__PROBLEM__
Only the pictures are dropped; the lines of the material that follow are returned exactly.

__EXERCISE DATA__
# # # # #

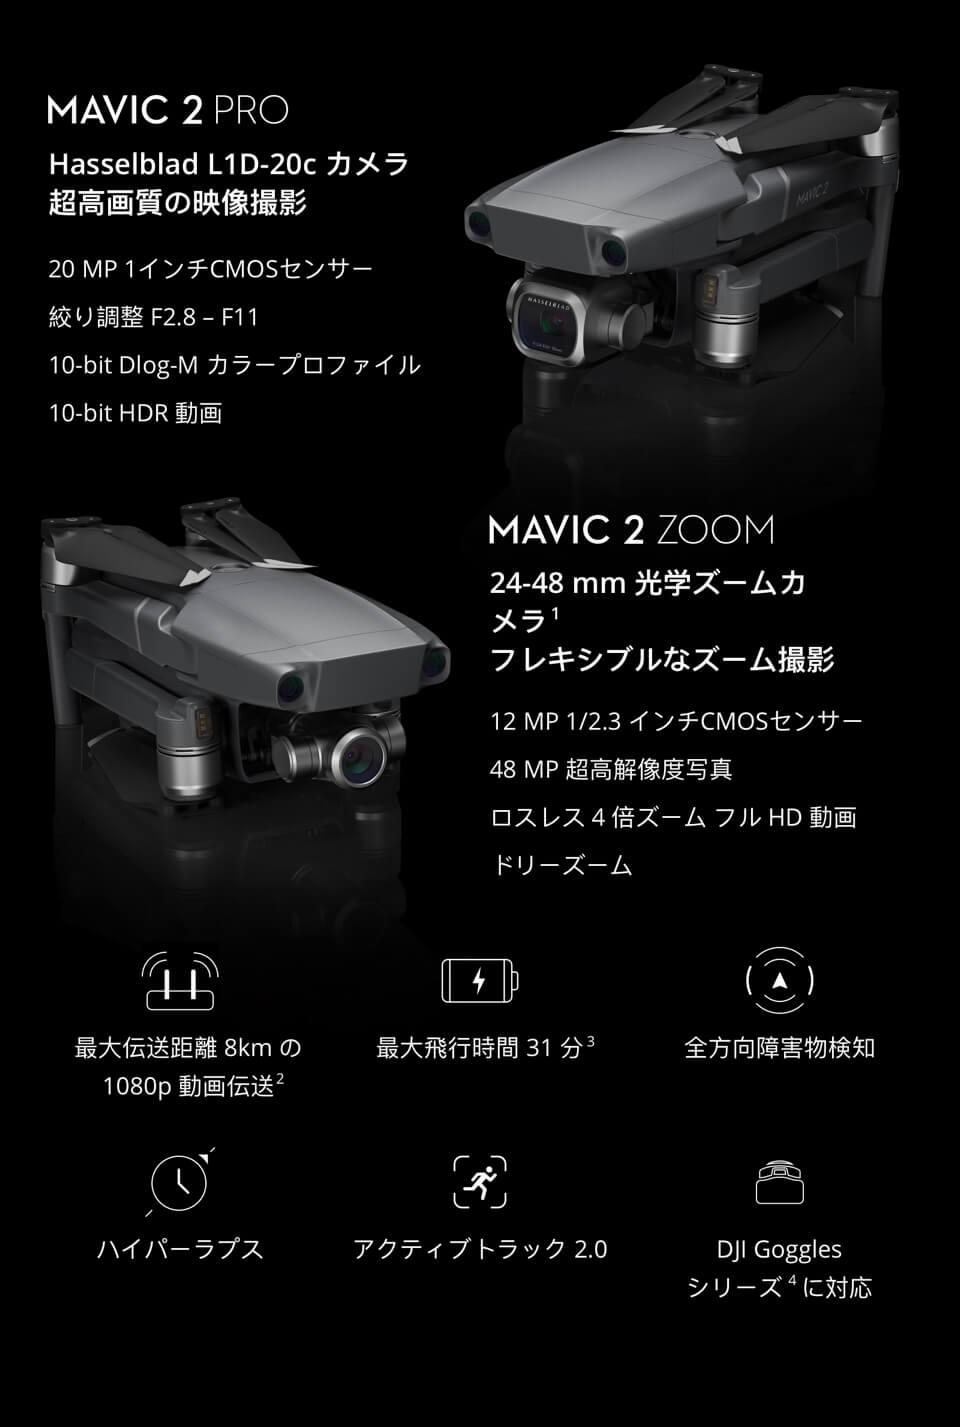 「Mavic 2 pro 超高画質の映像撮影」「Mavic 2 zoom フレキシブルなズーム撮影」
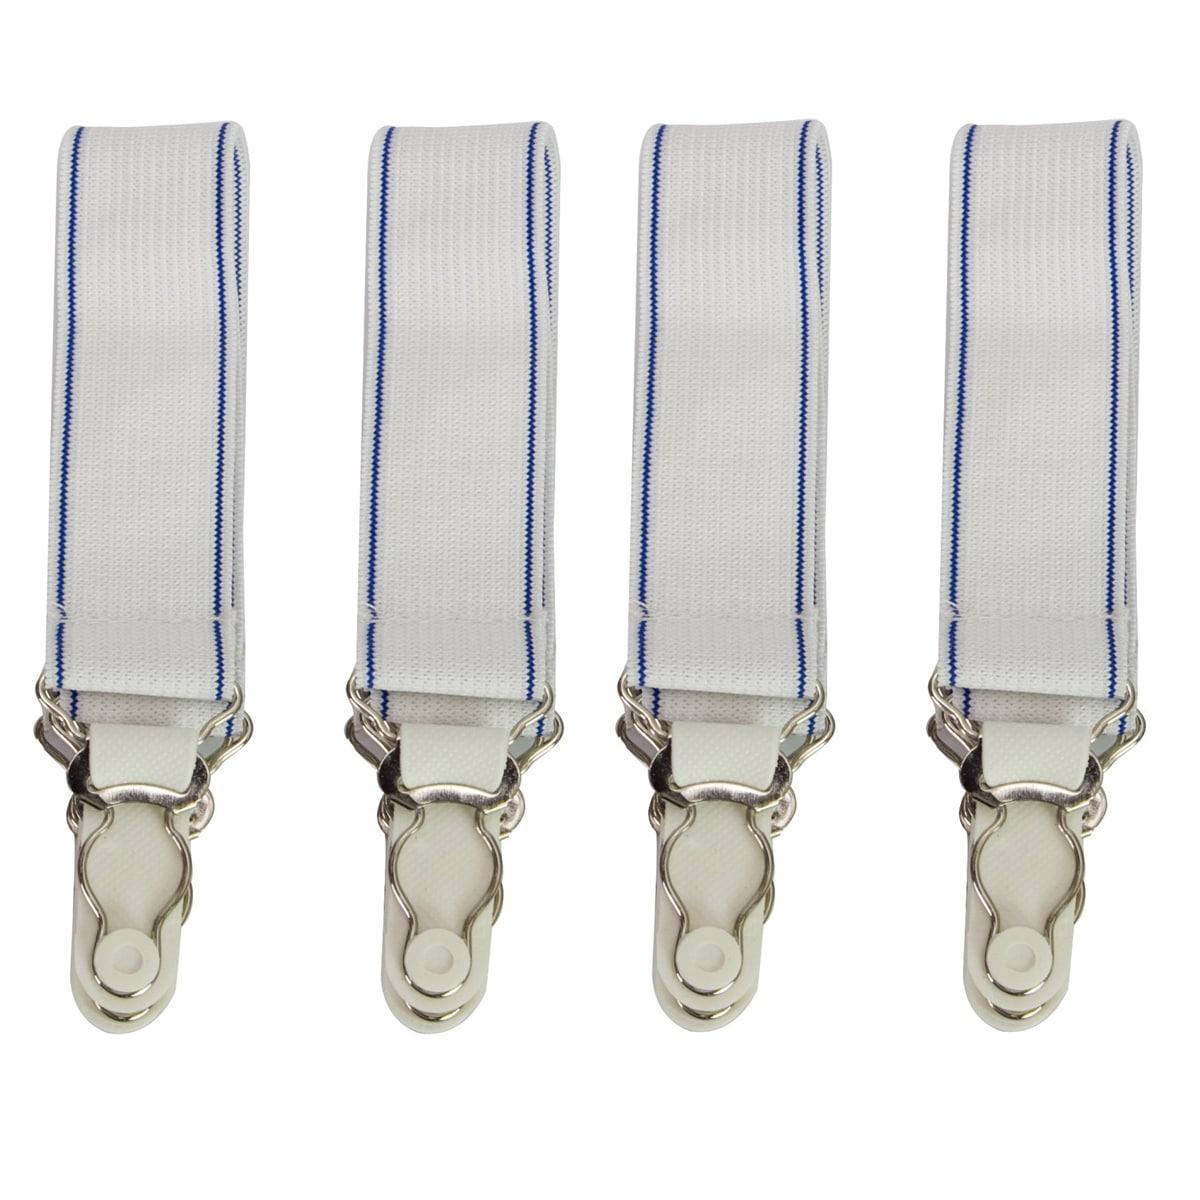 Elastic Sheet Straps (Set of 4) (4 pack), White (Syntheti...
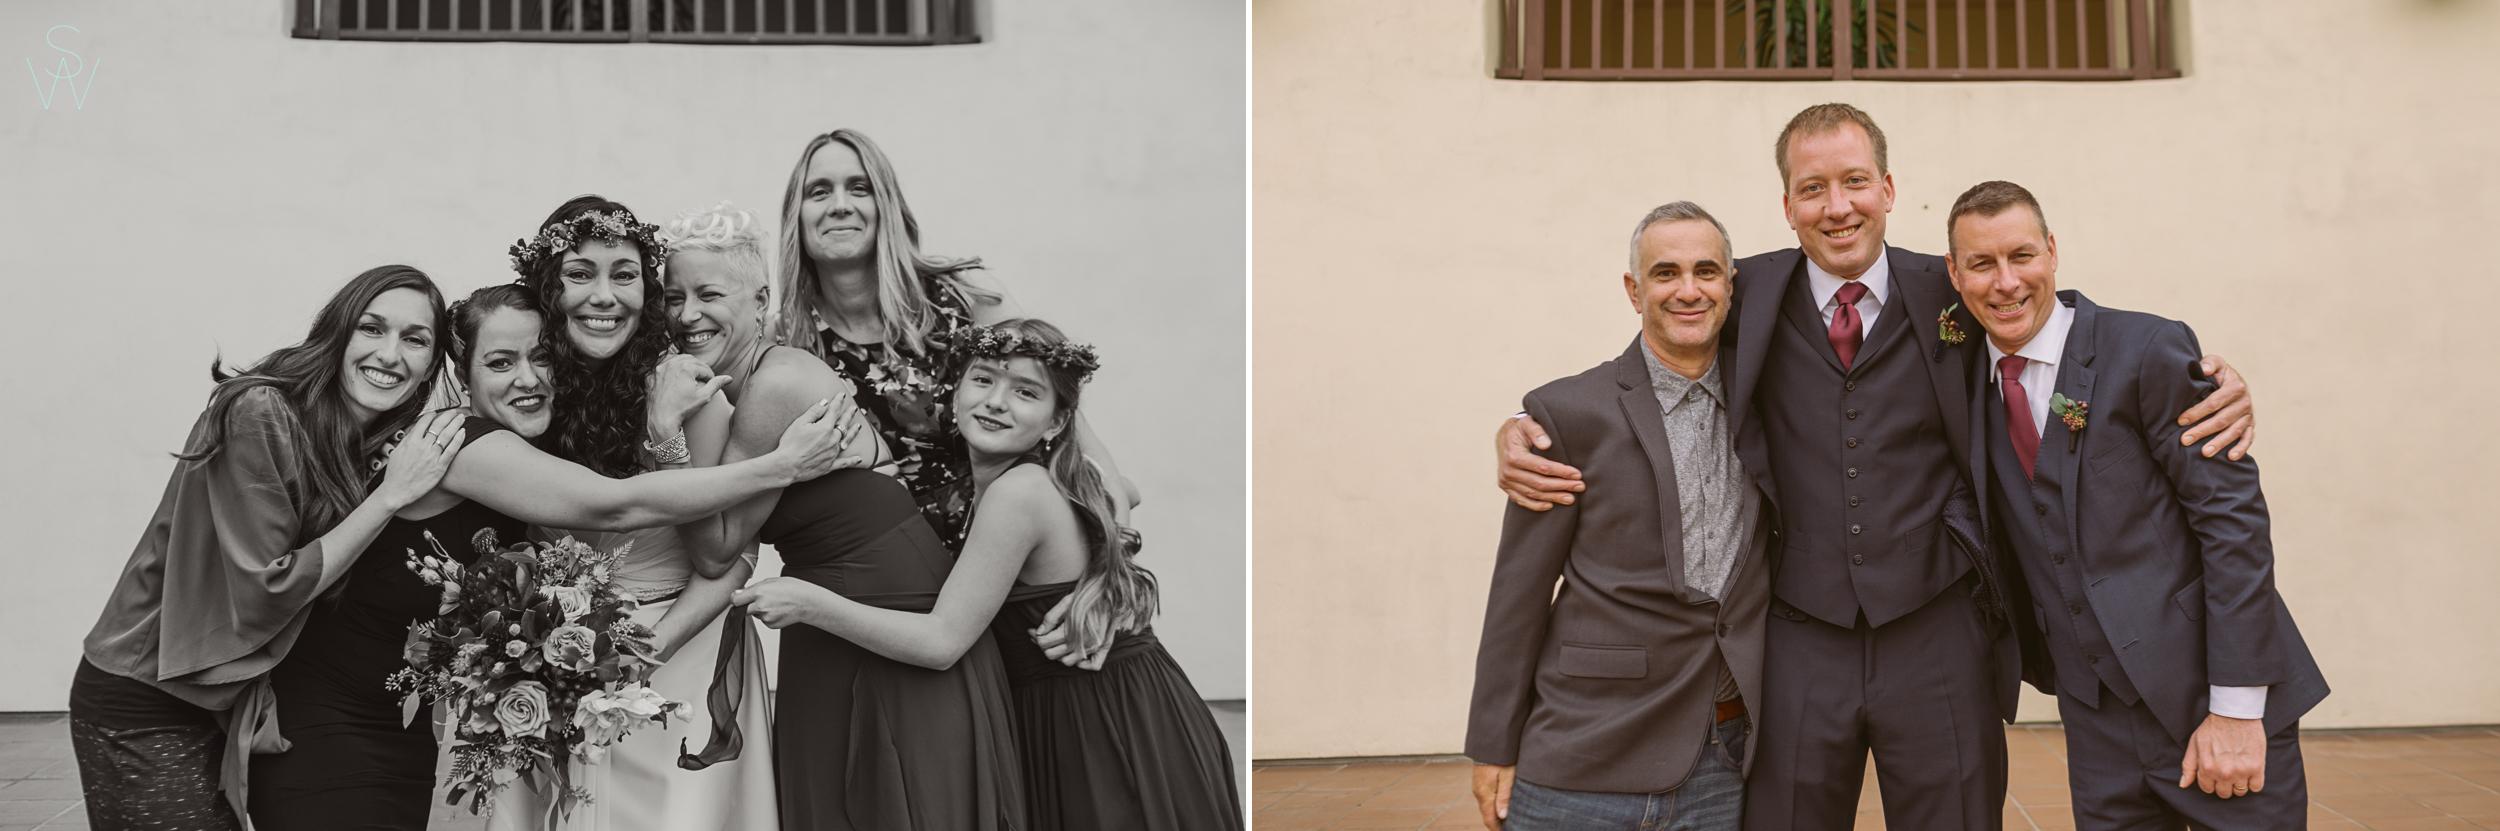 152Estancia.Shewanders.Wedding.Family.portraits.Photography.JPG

# # # # #

__TASK RESPONSE__
 「Mavic 2 pro 超高画質の映像撮影」「Mavic 2 zoom フレキシブルなズーム撮影」
 Elastic Sheet Straps (Set of 4) (4 pack), White (Syntheti...
 152Estancia.Shewanders.Wedding.Family.portraits.Photography.JPG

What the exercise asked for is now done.